Finally, I got Mark Benschop to make good on his promise of my gilbackker curry lunch. While eating it last Saturday, James Bond came into the restaurant and sat at our table, so the logical occurred – we asked Bond to pay. And he did. We talked a lot about politics with the conclusion that Bond has a long career in politics given his youth and legal profession. I said to him that I anticipate another thirty years for him.
That night I was the guest speaker at an AFC rally at Stabroek Market Square (I am not a member of any political party). Just before I was to make my presentation, Nigel Mc Kenzie of the Kaieteur News called my cell to tell me that Ralph Ramkarran had resigned from the PPP. As soon as I heard that, my mind for no reason flashed right back to the lunch discussion with James Bond.
No matter the disagreement Ramkarran and I had over the years, I know that his resignation came because he was made a victim of an authoritarian party structure and I thought there and then of the leadership of APNU and the AFC and who would be their victim as Ramkarran was the PPP’s.
My mind went back to James Bond because when the two independent dailies carried the news that the PPP-dominated UG Council had terminated my contract, James Bond was the only APNU figure that phoned me with the words; “Freddie let me know what I could do.” David Granger did call but that was in response to my initial contact with his office. I thought of Bond because what happened to Ramkarran can visit any young man like Bond and so many others if their parties are not open to leadership changes and a constitution that prevents the encrustation of dictatorial instincts.
Last week, I asked Gino Persaud, Chairman of Transparency International (Guyana chapter) if his newly formed organization has term limits. He said yes. I have put the same question to Gerhard Ramsaroop several times about whether the AFC has the same system. He said yes. Term limits prevent a person from controlling and dominating an organization to the point where it becomes their property.
Think of what a wealthy lawyer, doctor, and businessman can do to the structure of a group if he/she finances it and is responsible for its continued existence. This benefactor then decided who gets what and who does what for the party.
People like James Bond, Gerhard Ramsaroop, Gino Persaud, Michael Carrington, and Mark Benschop among others are young activists who have a destiny in shaping Guyana for the better. They have to ensure that whatever group they function in, that entity must by its constitution prevent longevity of power. We in Guyana have to turn our backs on Jagan/Burnham ownership mentality.
I have my disagreements with Ralph Ramkarran but I would uphold his right to disagree with me publish his views and demand his party recognize his right to comment on things he feels are wrong. At the end of the day, Ramkarran, Faith Harding, Henry Jeffrey, Aubrey Norton (to a certain extent) and others abided by a faulty structure that eventually hurt them.
It was Henry Jeffrey who told Denis Chabrol that there was never ever the mere existence of a group named the Civic Component. He went on to state for the sake of peace he didn’t raise it because Dr. Jagan did not take to the idea of such a formation.
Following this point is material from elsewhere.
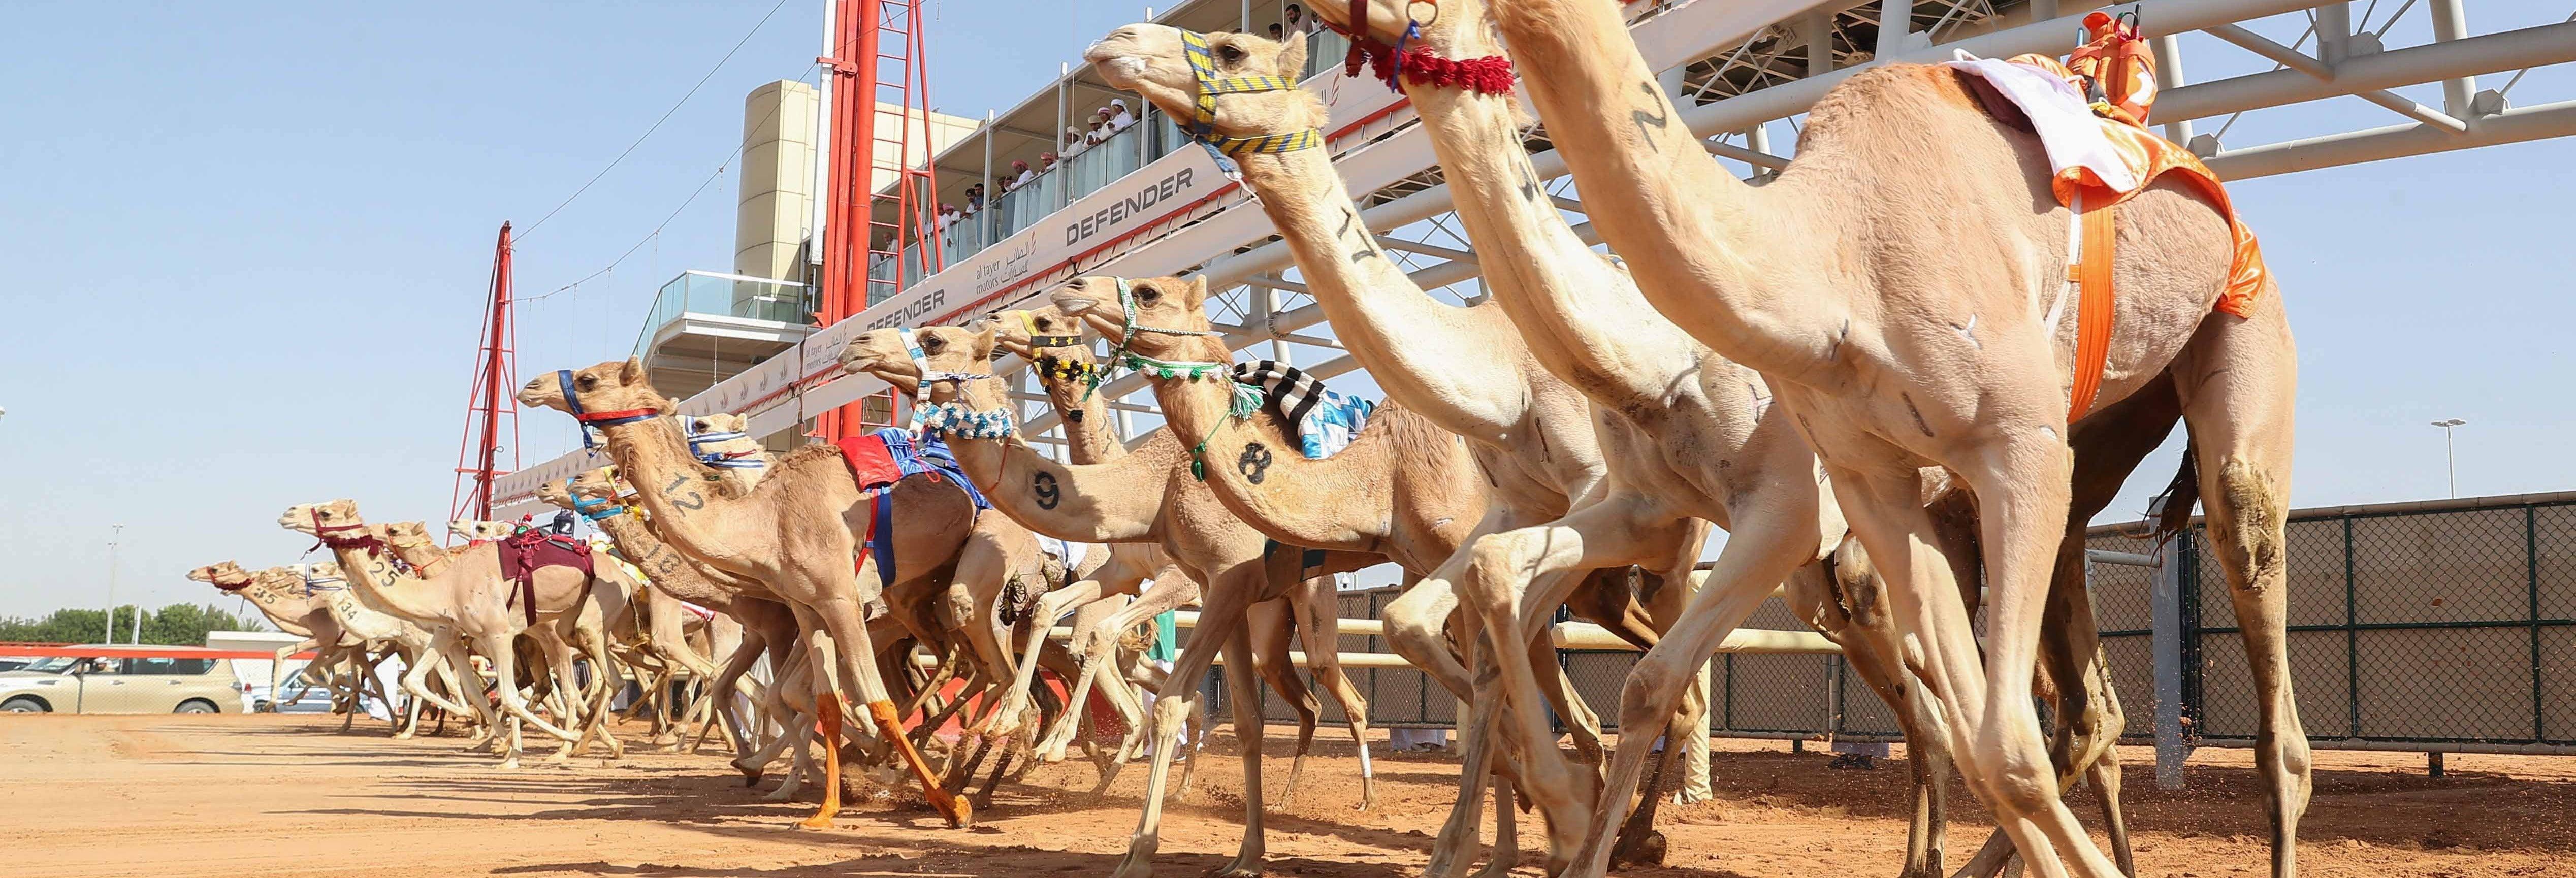 Visita al Royal Camel Racing Club

But given the moment that was presented to Jeffrey in 1992, Dr. Jagan could not have afforded to back down.
He announced to the world that the PPP was in coalition with the Civic Component and therefore the moment was there to seize to form such a party. History would have turned out differently if there was a legal civic formation.
In my opinion Jeffrey didn’t care about forming the civic group. He was content with power. Mr. Ramkarran is a different kettle of fish. In 1999 when there was no longer a Jagan presence in the PPP Government and Mrs. Jagan subsequently became ill, Mr. Ramkarran was the de facto elder statesman of the PPP. Reepu Dam Persaud and Harry Nokta were on their way down because of age.
Mr. Ramkarran’s stature was large at that time in and out of the PPP. From 2001, things began to slide under Mr. Jagdeo. After the 2006 election, Mr. Jagdeo went out of control. It was time for Mr. Ramkarran to step in and invoke his father’s image. Sadly, he chose not to.